The Psyche probe, launched in October 2023 on its way to the metallic asteroid it studies, recently performed a flyby of Mars to take advantage of its gravitational pull and continue its trajectory toward the asteroid belt. During the maneuver, the spacecraft obtained new images of the red planet.

Psyche passed within 4,609 kilometers, or 2,864 miles, of the Martian surface, and was boosted to a higher velocity after completing the gravity assist. On the approach, NASA activated onboard cameras, magnetometers, and gamma ray and neutron spectrometers to calibrate each instrument using the planet’s atmosphere and terrain.
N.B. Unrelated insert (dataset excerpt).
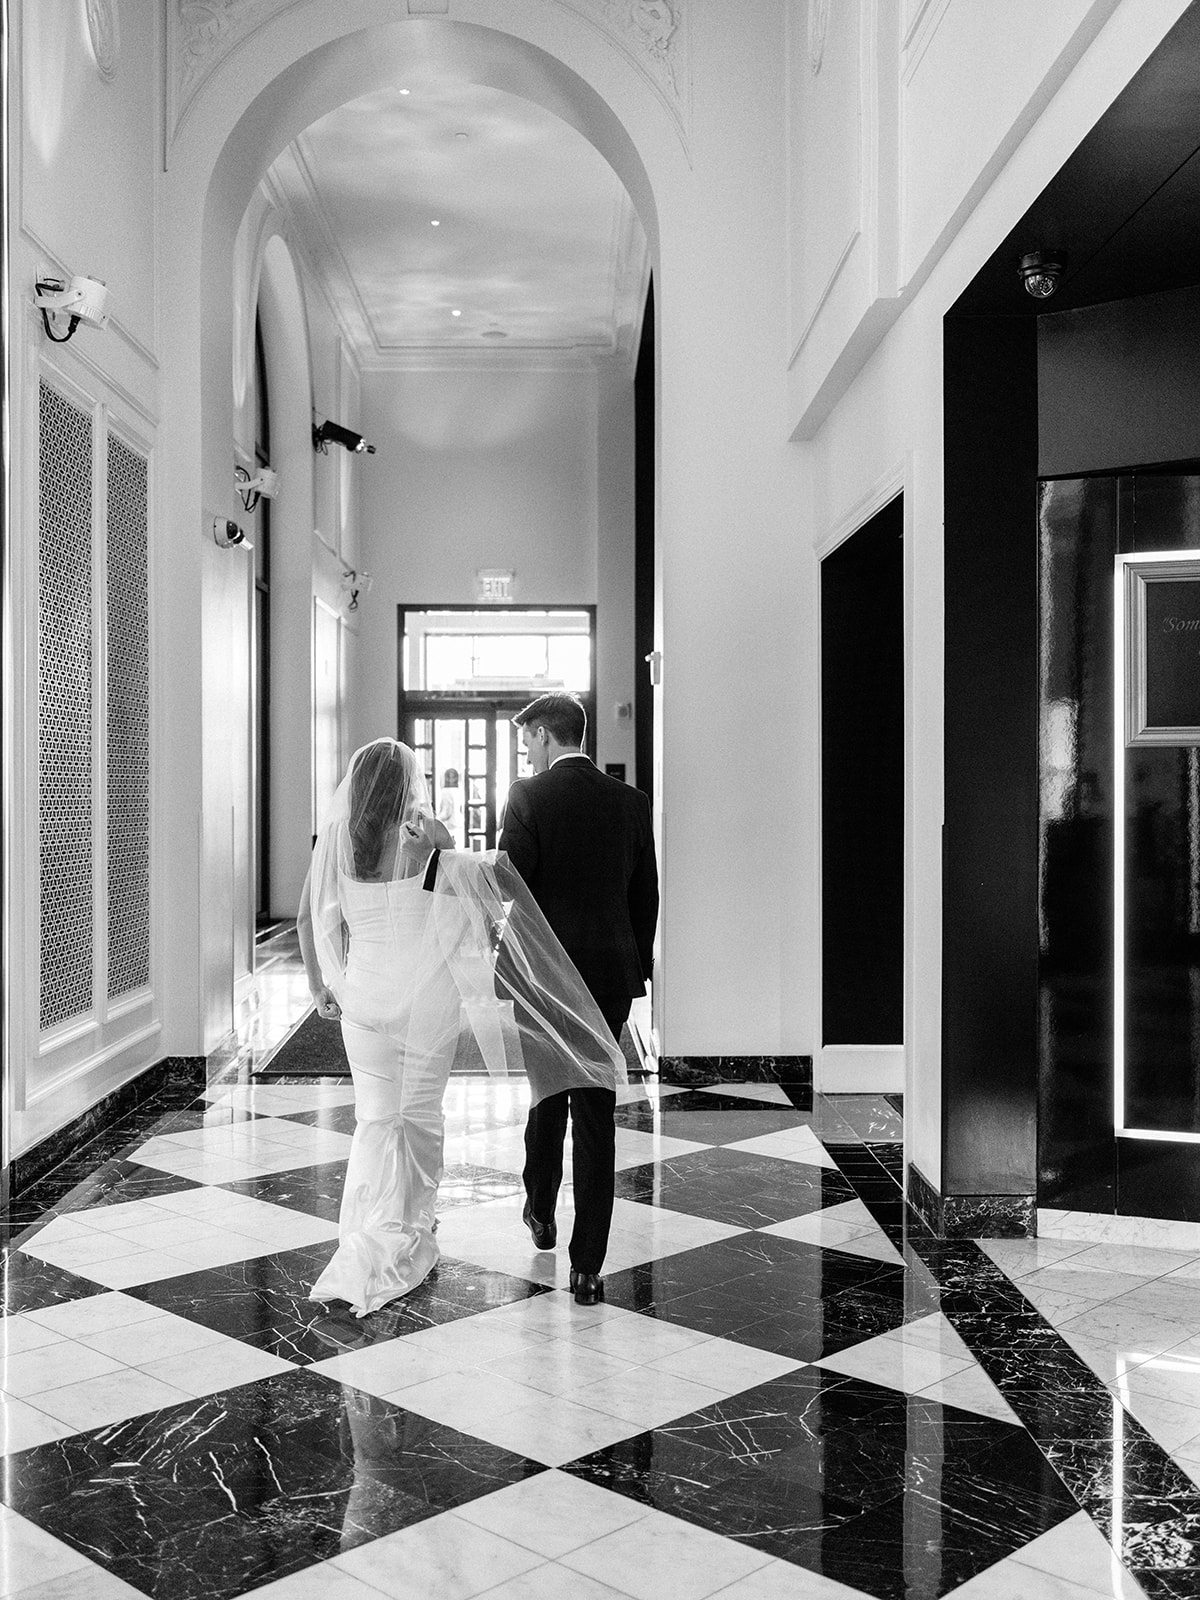 Hotel Washington Wedding by Jennifer Nolan Photography

In recent images released by the space agency, the rugged Martian surface can be seen in detail, along with traces of the solar wind that, around craters and the south polar cap, is rich in water ice.
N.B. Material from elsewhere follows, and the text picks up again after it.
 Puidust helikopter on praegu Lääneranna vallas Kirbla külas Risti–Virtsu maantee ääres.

“We’ve captured thousands of images of the approach to Mars and of the planet’s surface and atmosphere at close approach. This dataset provides unique and important opportunities for us to calibrate and characterize the performance of the cameras, as well as test the early versions of our image processing tools being developed for use at the asteroid Psyche,” said Jim Bell, Psyche’s imager instrument lead at Arizona State University.

One of the first pictures taken by the Psyche mission.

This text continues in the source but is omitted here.